Background: Venoarterial extracorporeal membrane oxygenation has emerged as a prominent therapy for patients with refractory cardiac arrest. However, the optimal time of initiation remains unknown. Aim: The aim was to assess the rate of survival to hospital discharge in adult patients with refractory ventricular fibrillation/pulseless ventricular tachycardia out-of-hospital cardiac arrest treated with 1 of 2 local standards of care: (1) early venoarterial extracorporeal membrane oxygenation–facilitated resuscitation for circulatory support and percutaneous coronary intervention, when needed, or (2) standard advanced cardiac life support resuscitation. Design: Phase II, single-center, partially blinded, prospective, intention-to-treat, safety and efficacy clinical trial. Population: Adults (aged 18–75), initial out-of-hospital cardiac arrest rhythm of ventricular fibrillation/pulseless ventricular tachycardia, no ROSC following 3 shocks, body morphology to accommodate a Lund University Cardiac Arrest System automated cardiopulmonary resuscitation device, and transfer time of <30 minutes. Setting: Hospital-based. Outcomes: Primary: survival to hospital discharge. Secondary: safety, survival, and functional assessment at hospital discharge and 3 and 6 months, and cost.

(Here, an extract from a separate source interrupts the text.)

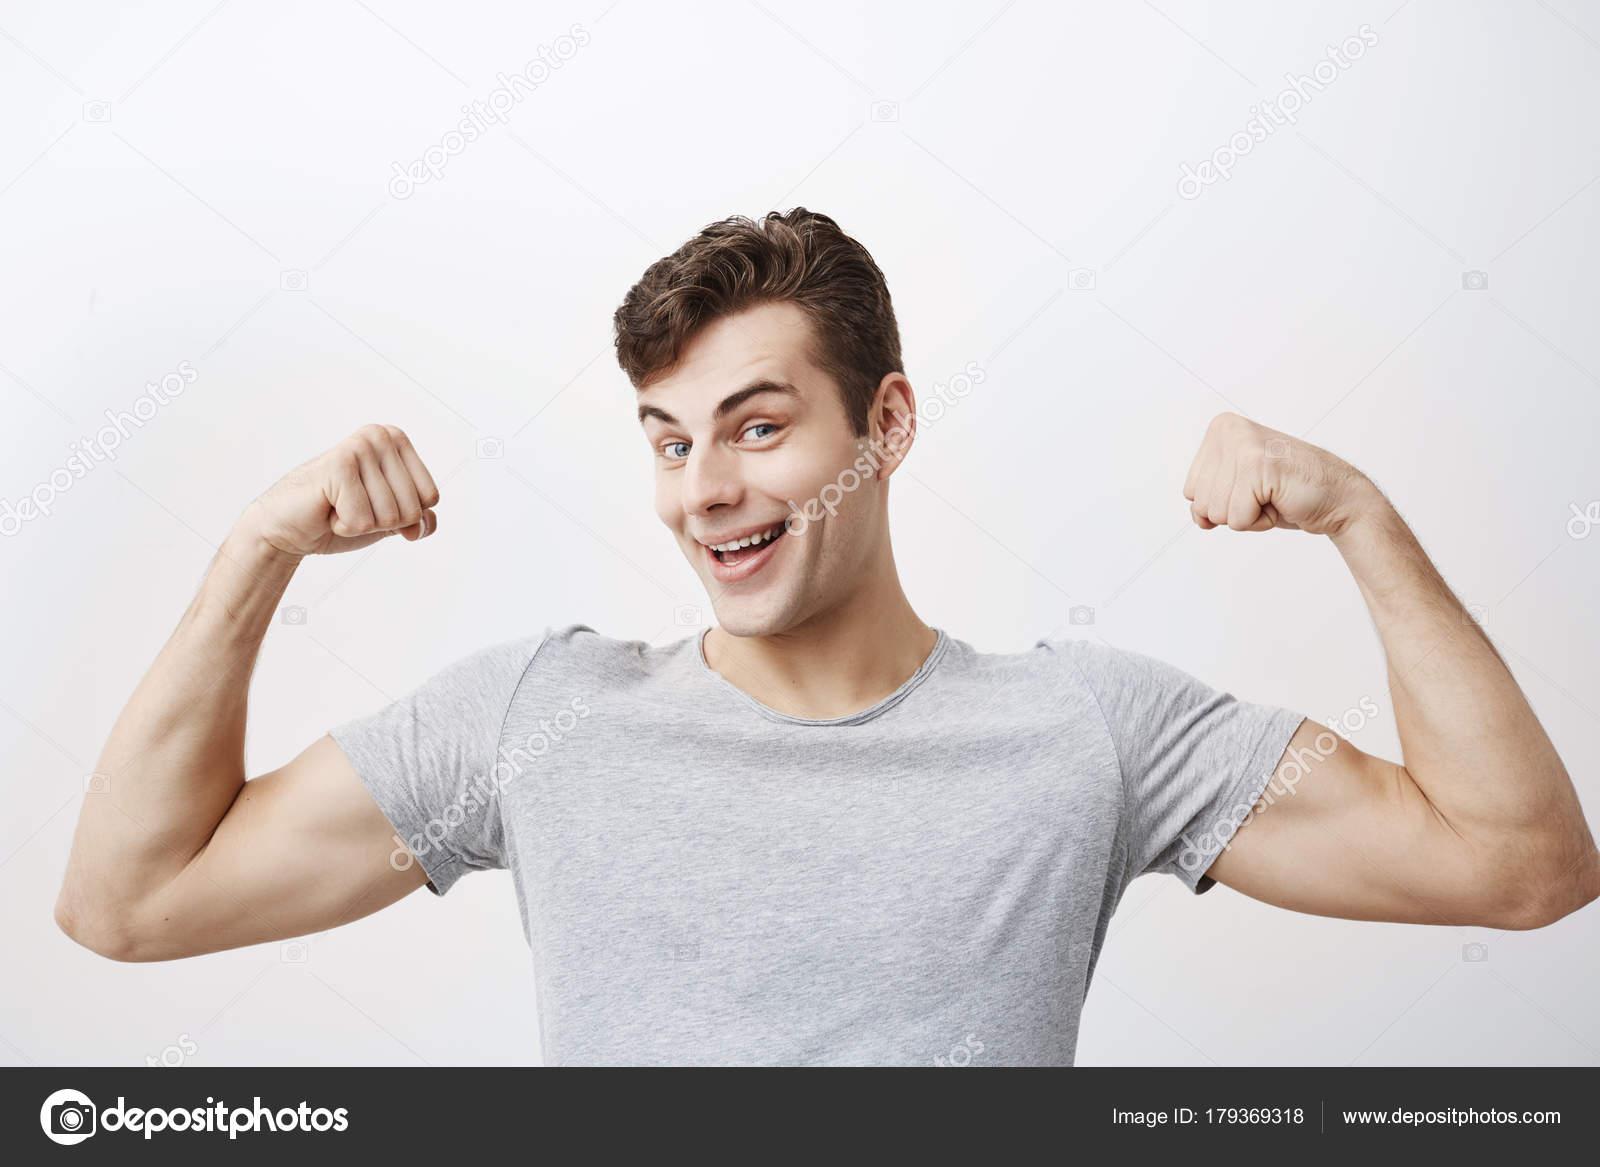 Positive emotionale Mann lächelt, zeigt Muskeln an den Armen, fühlt ...

Sample size: Assuming success rates of 12% versus 37% in the 2 arms and 90% power, a type 1 error rate of .05, and a 15% rate of withdrawal prior to hospital discharge, the required sample size is N = 174 evaluated patients. Conclusions: The ARREST trial will generate safety/effectiveness data and comparative costs associated with extracorporeal cardiopulmonary resuscitation, informing broader implementation and a definitive Phase III clinical trial.
Bibliographical noteFunding Information:
Funding: This clinical trial is supported by National Institutes of Health grants 4R33HL142696-02 and 1R61HL142696-01, both of which were awarded to Dr Demetris Yannopoulos.The ARREST trial is funded by the National Heart, Lung, and Blood Institute. This study qualifies for and will be performed using Waiver from Informed Consent Requirements for Emergency Research under Federal Regulation 21 CFR 50.24. An investigational device exemption was acquired from the United States Food and Drug Administration (IDE-G180285/A001) for longer use of ECMO than the currently labeled 6-hour time period. The trial protocol was registered at clinicaltrials.gov (NCT 038805365). The authors are solely responsible for the design and conduct of this study, all study analyses, the drafting and editing of the paper, and its final contents.